Again, European countries seem to have concluded that Moscow has been driven by commercial considerations. They see the criticality of the income from gas sales to Europe for the Russian economy. The fact of the matter is that Russia faces a grave economic crisis. Oil prices anywhere below $70 create budget deficits for Russia. The rouble is declining, the stock market has crashed, unemployment is soaring, and social unrest and discontent may erupt despite Putin's popular rating soaring over 80%.

In such a surcharged environment, Moscow has no reason to continue to subsidize the Ukrainian economy, especially with a government in Kiev which, under US instigation, has been constantly pursuing an unfriendly policy towards Russia. As Dmitry Peskov, Russian spokesman put it, "We are struggling with the consequences of the world economic crisis, but it does not mean that Russian taxpayers have to sacrifice in order to keep Ukrainian production alive."

Besides, there is an inherent double standard in the US rhetoric. In a devastating essay in The Guardian newspaper of London, Mark Almond of Oriel College, Oxford wrote: "Keeping Russia hemmed in is why Ukraine matters to America ... Although its EU allies pay around $500 per unit, Washington wants Gazprom to subsidize the anti-Russian coalition government in Kiev by charging the poor Ukrainians only $175."

He concluded, "Western triumphalists marked Russia down for inevitable decline. Certainly, so long as [boris] Yeltsin let his crony capitalists plunder the country and deposit the loot in London and New York, pessimism was justified. Now, however, Russia's capitalist crew are not fly-by-night asset-strippers but ruthless capitalist politician-businessmen of the sort Britain used to produce."

Armistice far away

So, is the gas war over? To be sure, Russian gas supply to Europe via Ukraine has resumed. But the great game continues.
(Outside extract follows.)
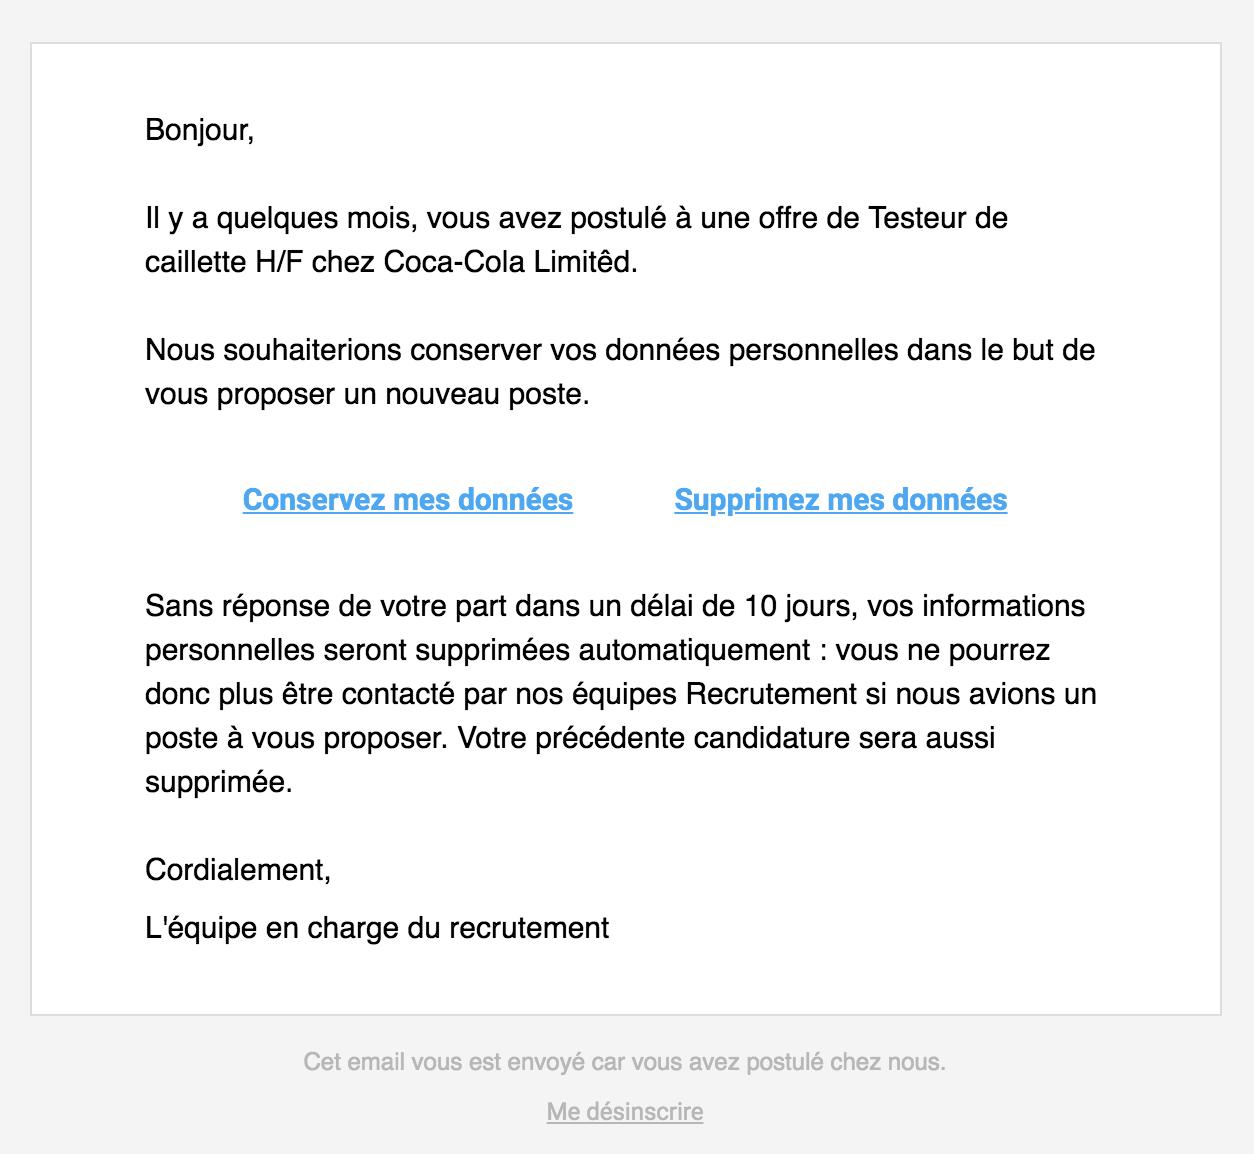 renouveler_consentement_donnees

Washington can draw satisfaction that only a temporary solution has been found but the final armistice depends on a Russian-Ukrainian gas deal with three interlocking elements: pricing, debts and the volume of gas to be sent across Ukraine. Europe will not find it an easy job to mediate between Russia and Ukraine.
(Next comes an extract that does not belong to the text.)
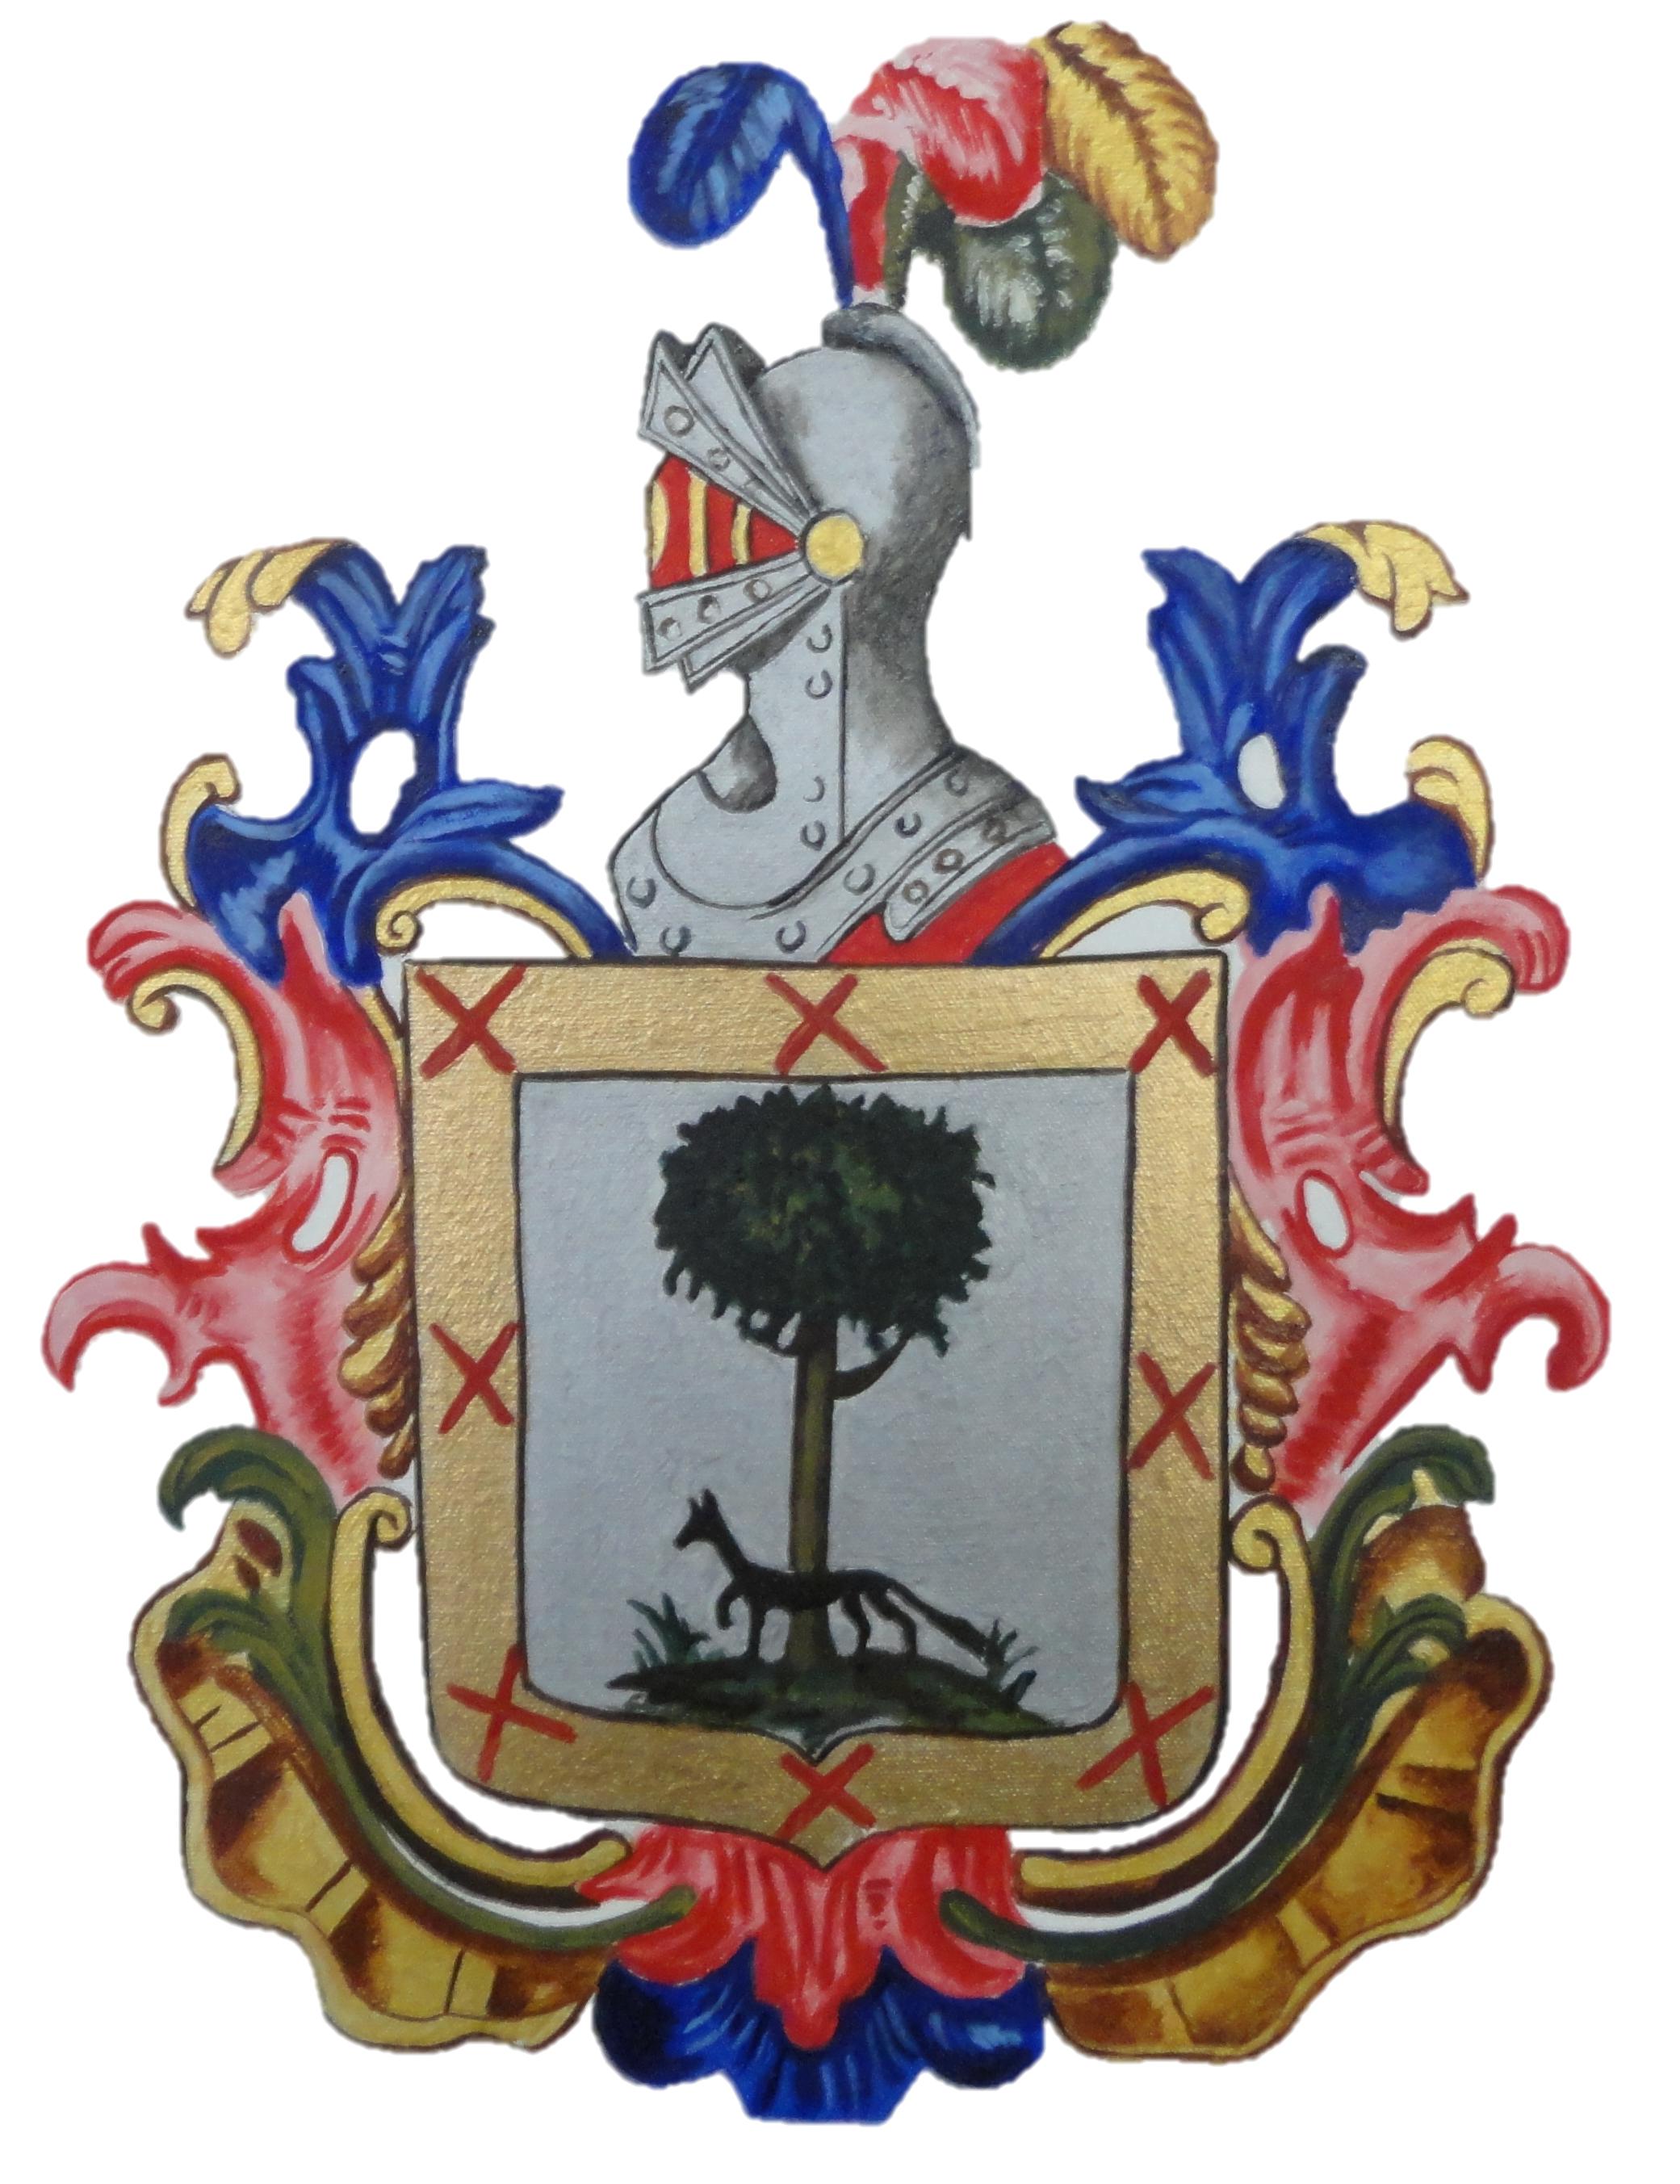 Escudo Amiga de la Obrera

At the root of the impasse lies the unresolved question of Ukraine's admission to NATO, which Washington insists on despite European reservations. Washington is determined to have its way and hardliners are hoping Obama will endorse the line, while Moscow has made it clear to the Western world that it is the "red line". And Washington commentators are peeved that Old Europeans do not want to annoy Russia. Increasingly, they run down Germany for expanding its ties with Russia.

Indeed, there are any number of issues over which Washington can instigate Yushchenko to exacerbate tensions in Ukraine's relations with Russia, such as NATO membership, Crimea and the Black Sea fleet, the Russian language, the World Trade Organization membership, territorial disputes, etc - and attempt to draw the EU into them.
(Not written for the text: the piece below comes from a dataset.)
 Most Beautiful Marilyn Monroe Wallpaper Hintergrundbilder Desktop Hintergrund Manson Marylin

On the other hand, it suits Yushchenko politically to distract public opinion as his personal popularity is abysmally low in single digits. According to a recent poll conducted by the Swedish International Development Cooperation Agency, 83.7% of Ukrainians feel gloomy that things are going seriously wrong in their country, with 49% calling it "critical and explosive". An Agence-France Presse dispatch from Kiev recently reported that analysts do not rule out Ukraine sliding toward authoritarian rule.

If nothing else, Yushchenko could always turn the pages of history and pick up a lively quarrel with Moscow. In November, he decided to have an anniversary bash over Holodomor, the tragic Ukrainian famine that Joseph Stalin's collectivization drive caused in 1932-33. Yushchenko sent out invitations for a summit of world leaders and included the Kremlin in his mailing list. President Dmitry Medvedev naturally declined the invitation. Moscow had a different take on that painful slice of Soviet history. What Yushchenko called "genocide", Russian historians interpreted as "sociocide" - a murderous plot against a whole social group instead of a specific ethnic community.

Ambassador M K Bhadrakumar was a career diplomat in the Indian Foreign Service. His assignments included the Soviet Union, South Korea, Sri Lanka, Germany, Afghanistan, Pakistan, Uzbekistan, Kuwait and Turkey.